Collected material –
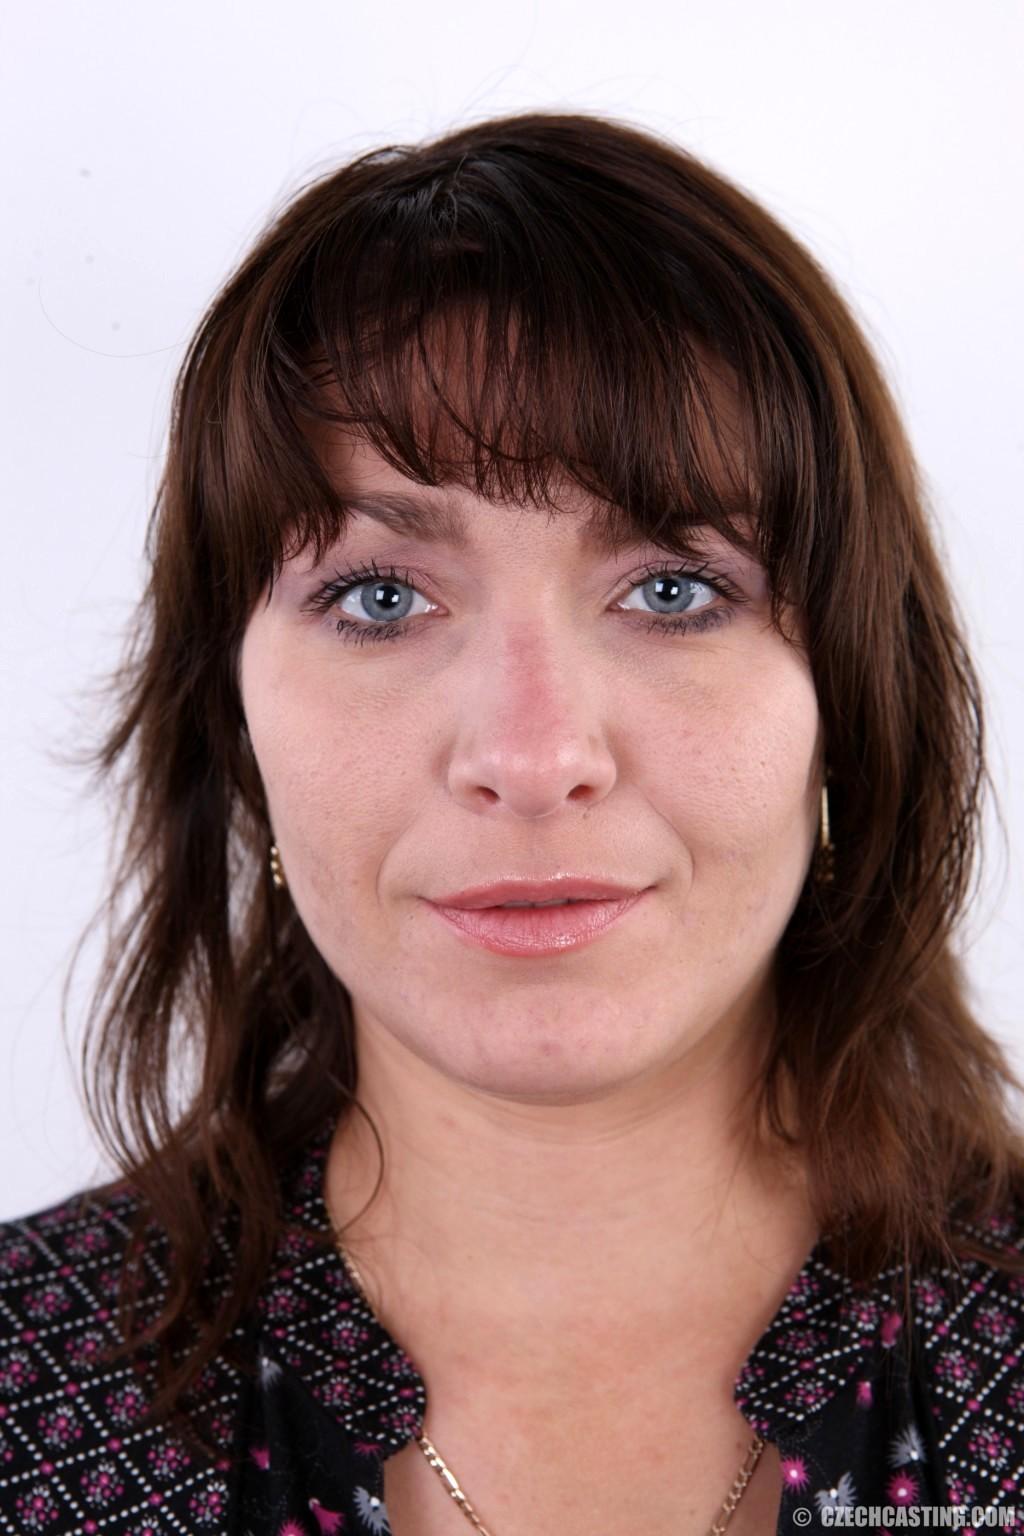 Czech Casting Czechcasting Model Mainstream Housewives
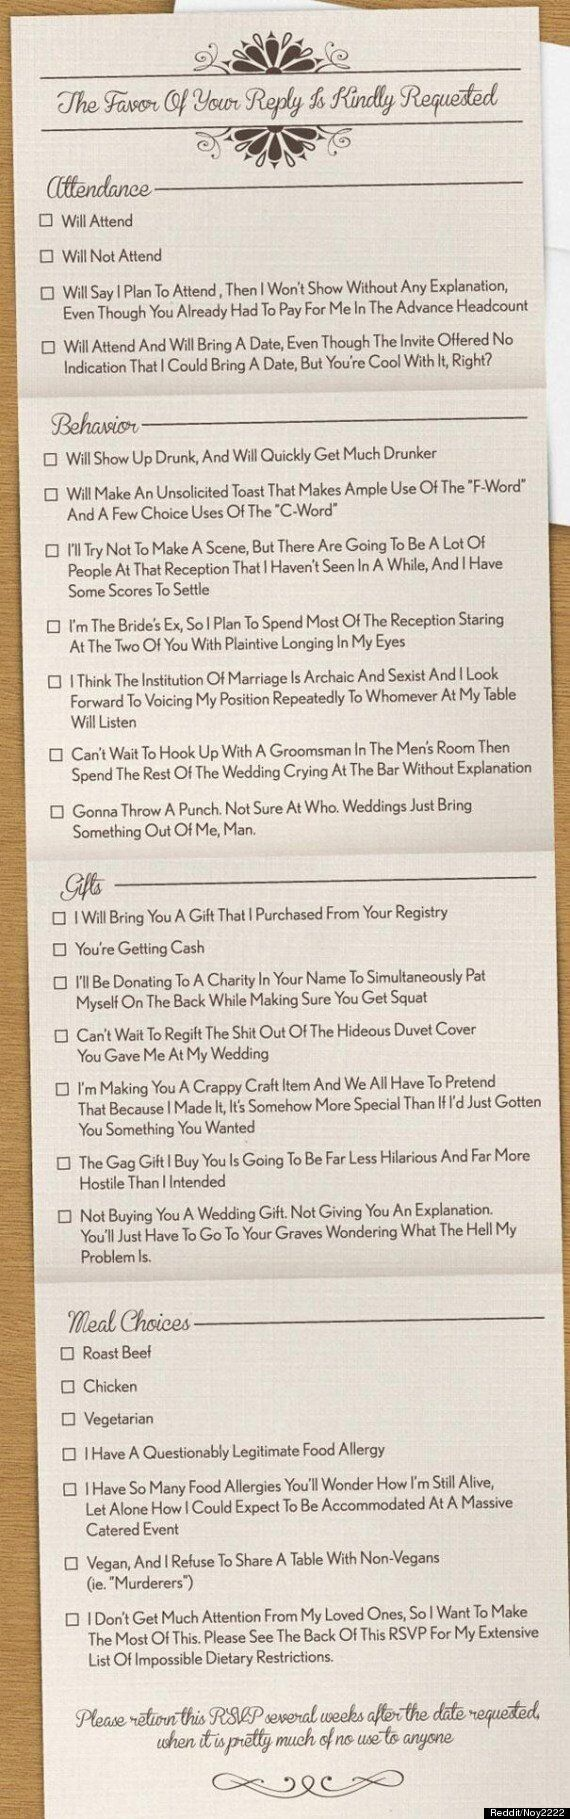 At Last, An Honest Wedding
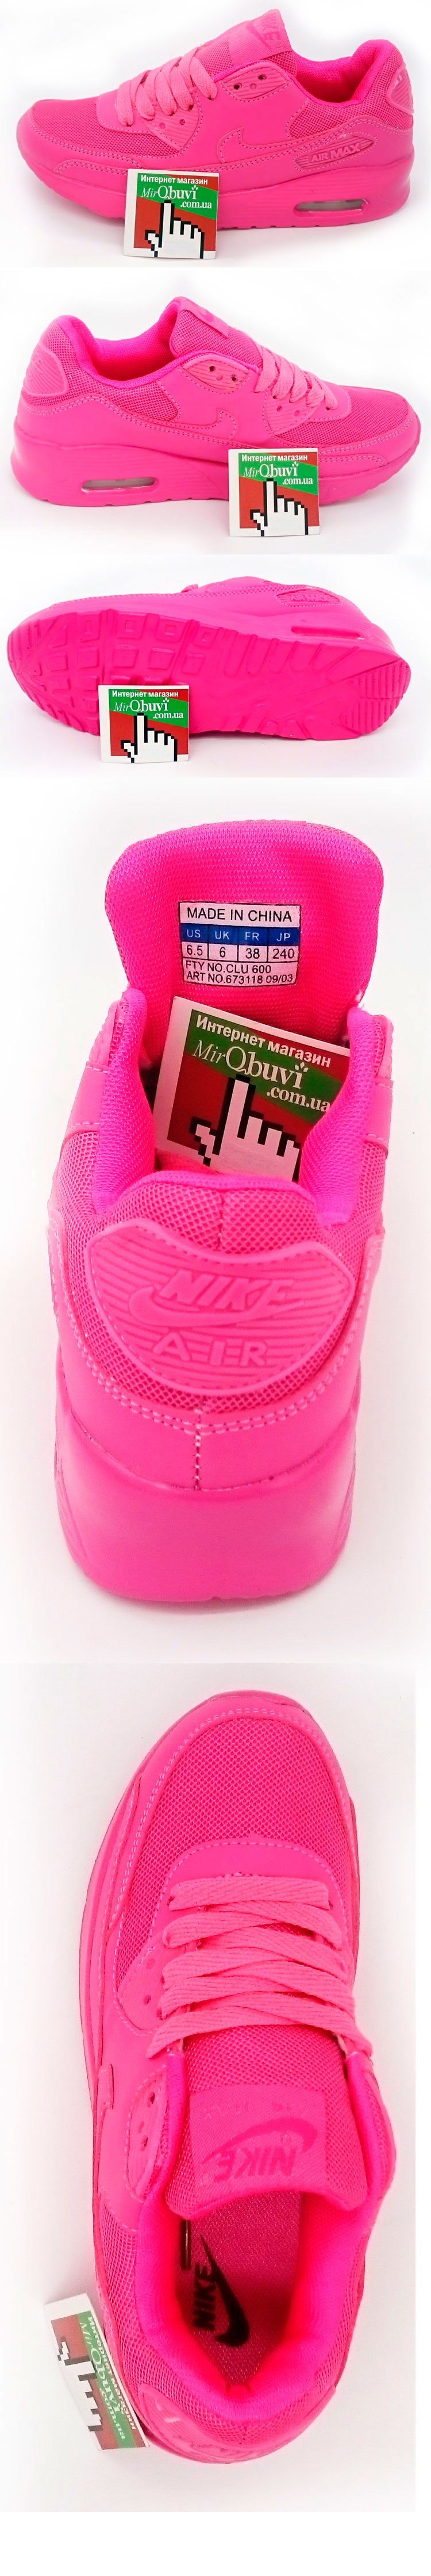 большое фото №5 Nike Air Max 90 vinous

Assignment – In your copy, leave out the pictures and reproduce the material above exactly.

Reply –
 Czech Casting Czechcasting Model Mainstream Housewives
 At Last, An Honest Wedding
 большое фото №5 Nike Air Max 90 vinous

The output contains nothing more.